▸ **Given material**:
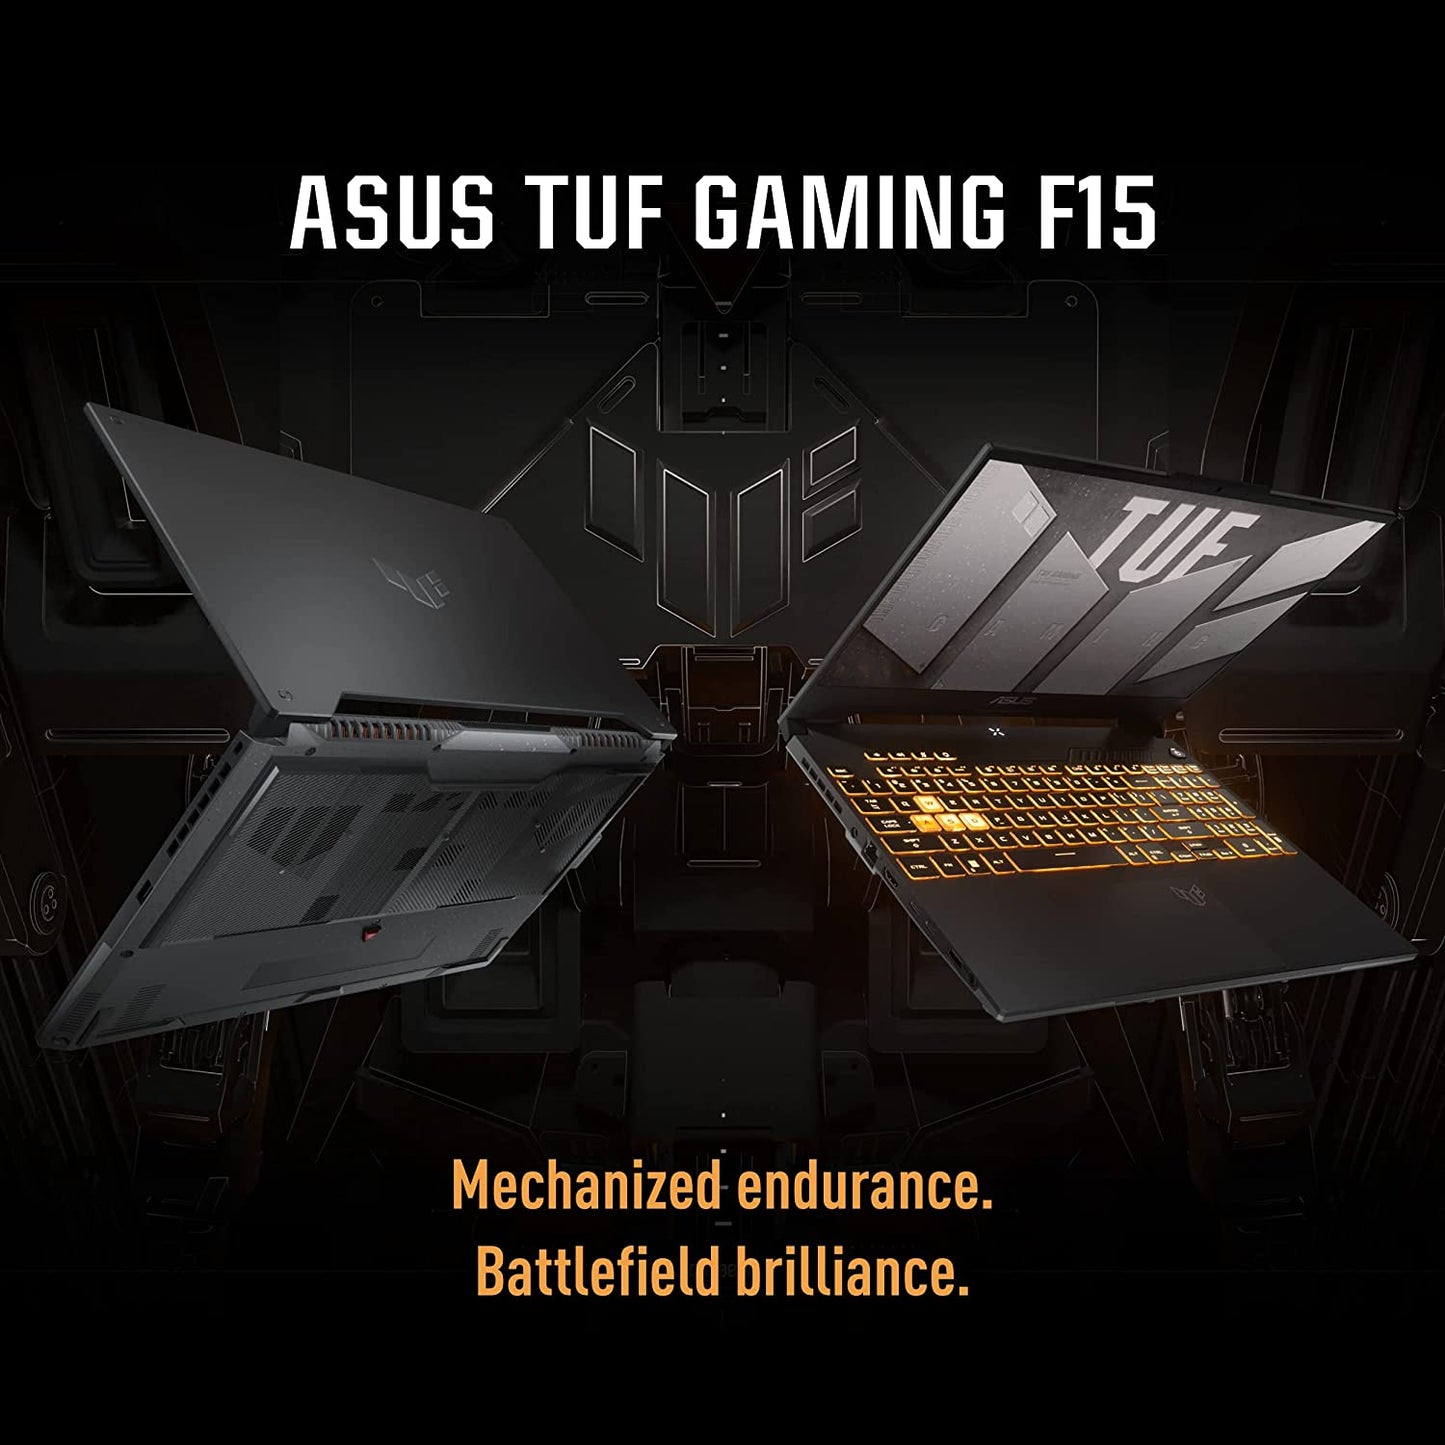 ASUS TUF F15 - Laptop para juegos, pantalla IPS FHD de 15.6 pulgadas, procesador Intel Core i5-10300H, GeForce GTX 1650, 8GB DDR4 RAM, 512GB PCIe SSD
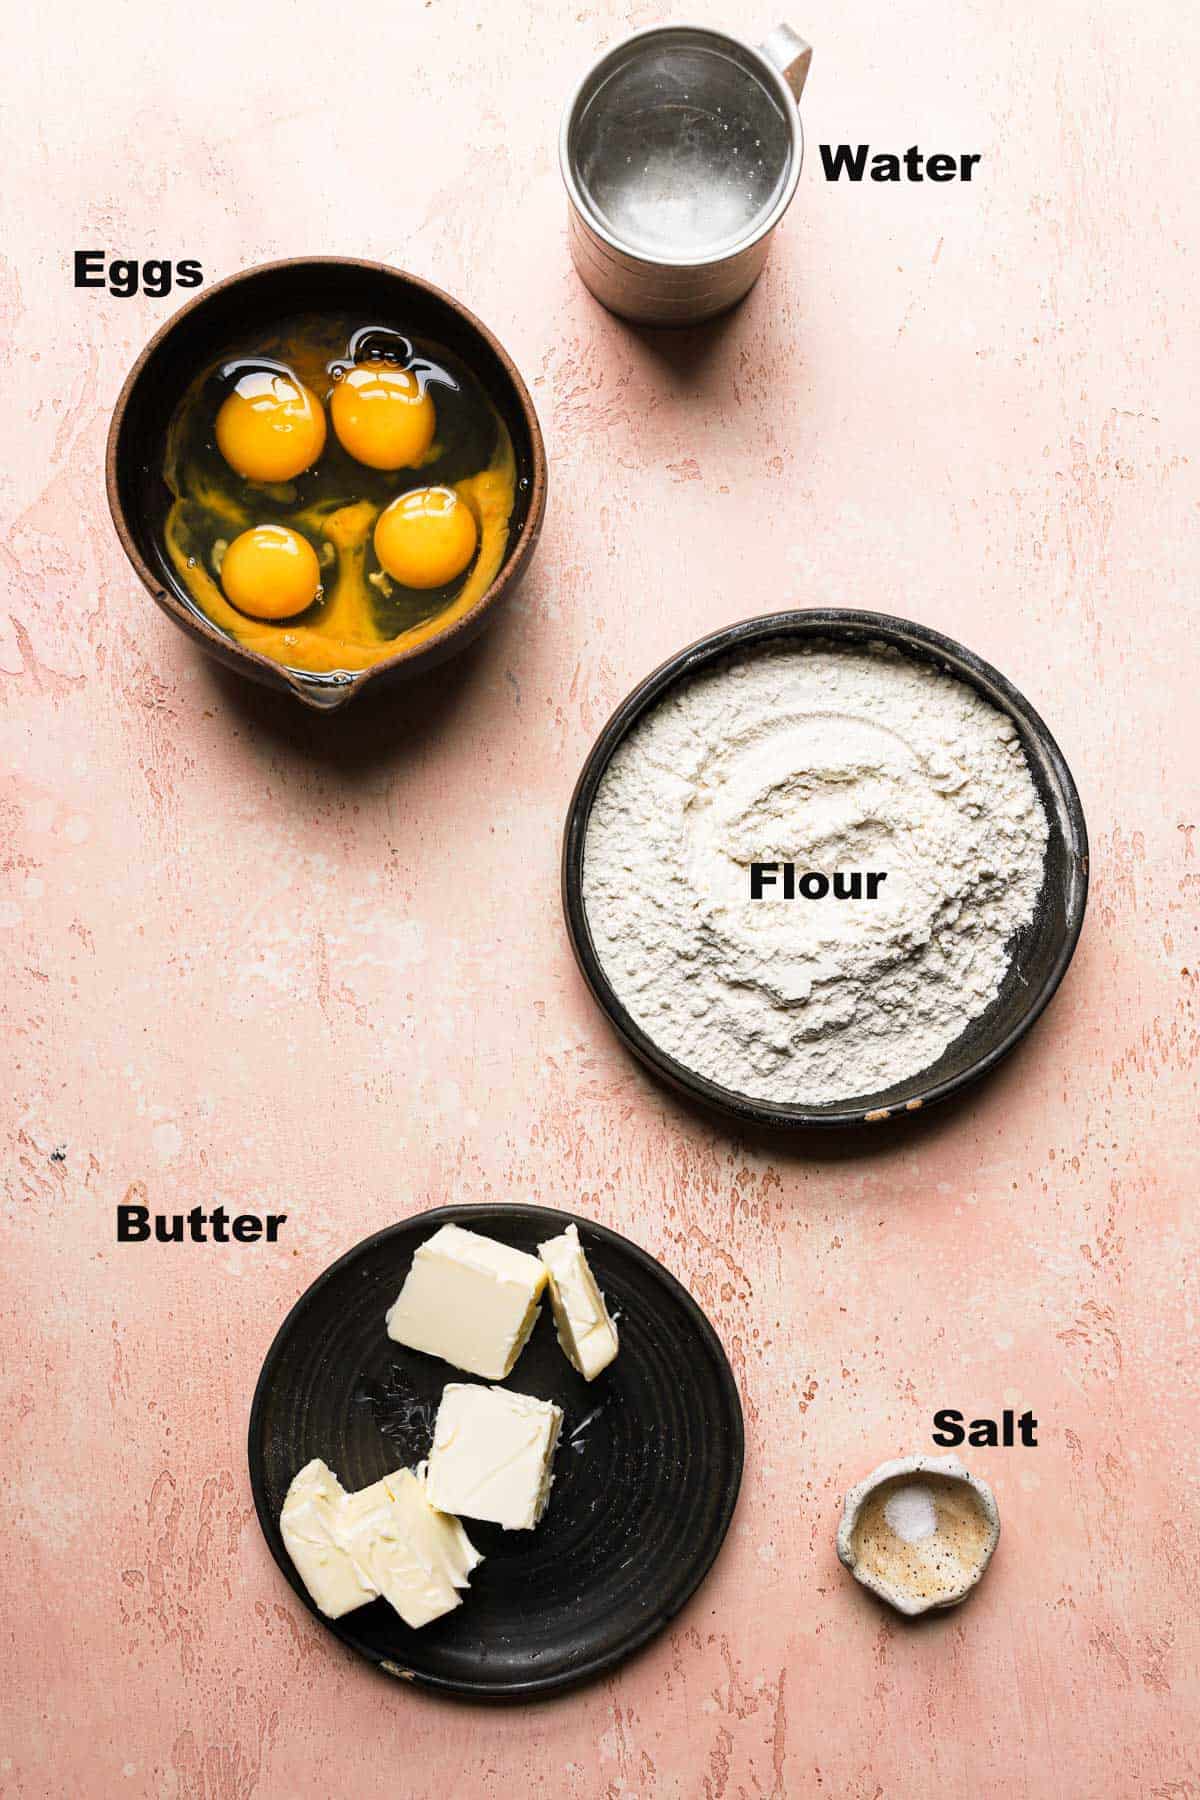 Ingredients to make choux paste
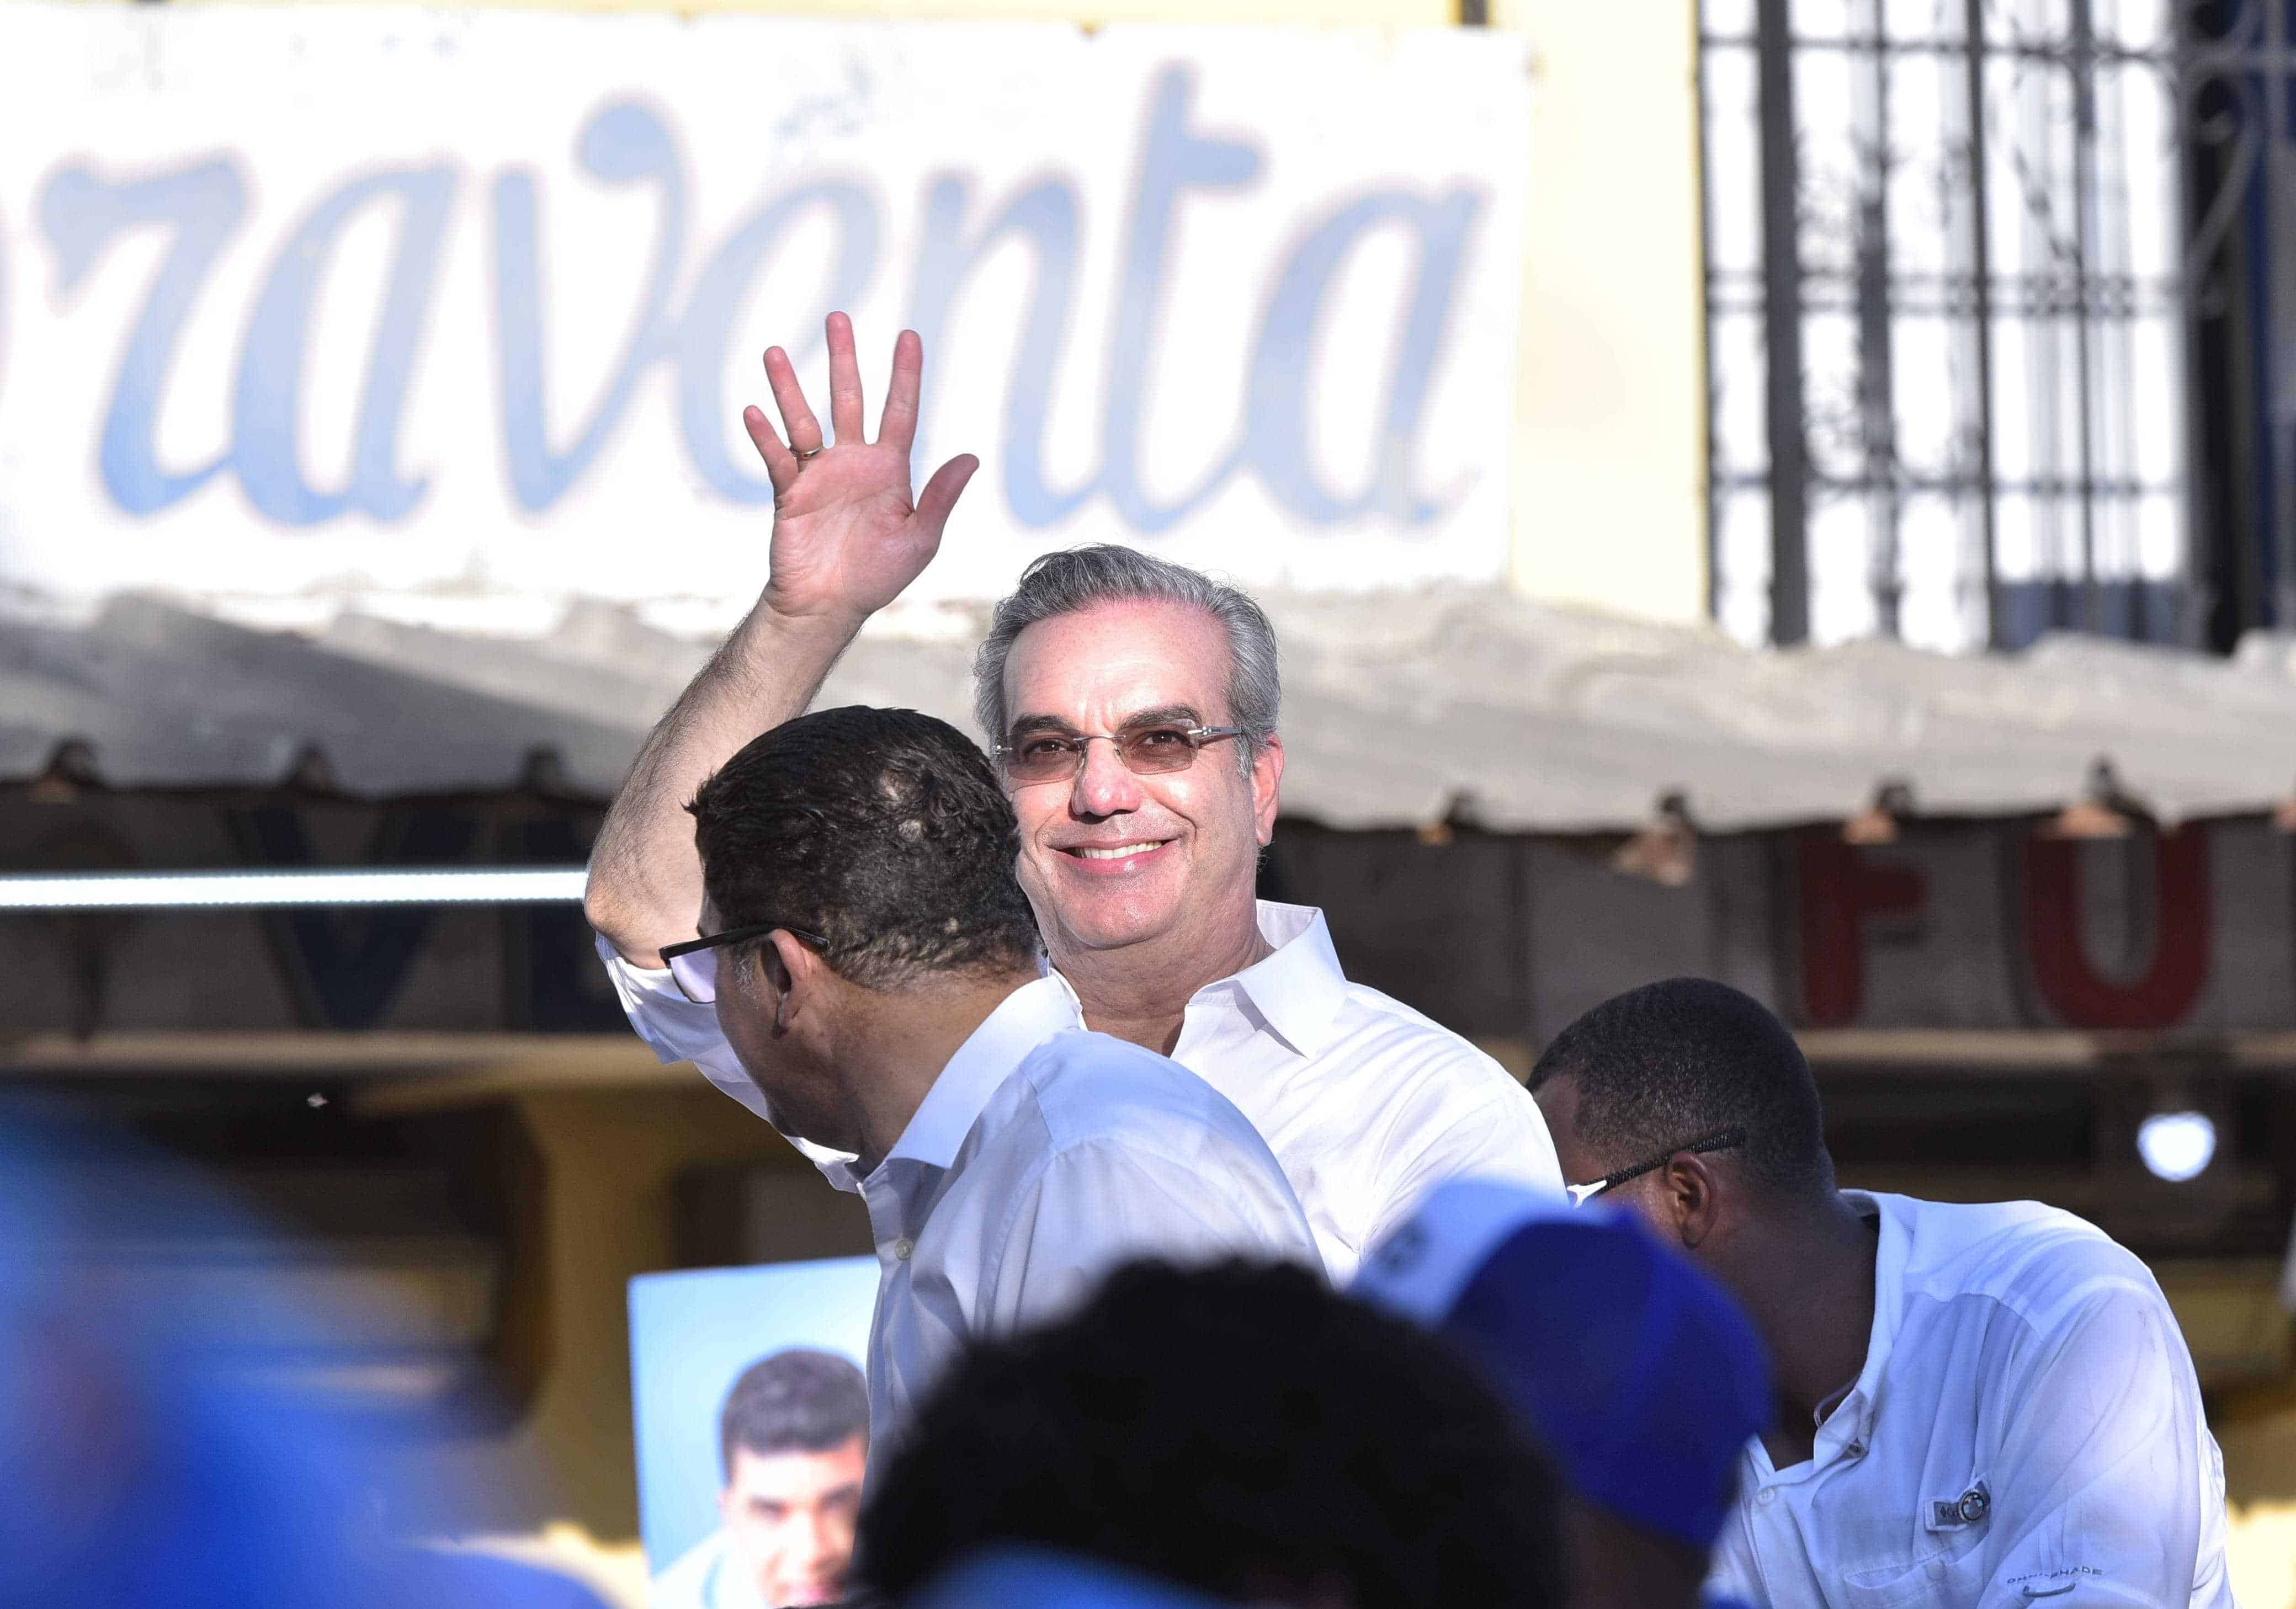 El presidente Luis Abinader sonriente durante el recorrido.

▸ **Task requirements**: With the pictures excluded, restate the material exactly as it stands.

▸ **Written solution**:
 ASUS TUF F15 - Laptop para juegos, pantalla IPS FHD de 15.6 pulgadas, procesador Intel Core i5-10300H, GeForce GTX 1650, 8GB DDR4 RAM, 512GB PCIe SSD
 Ingredients to make choux paste
 El presidente Luis Abinader sonriente durante el recorrido.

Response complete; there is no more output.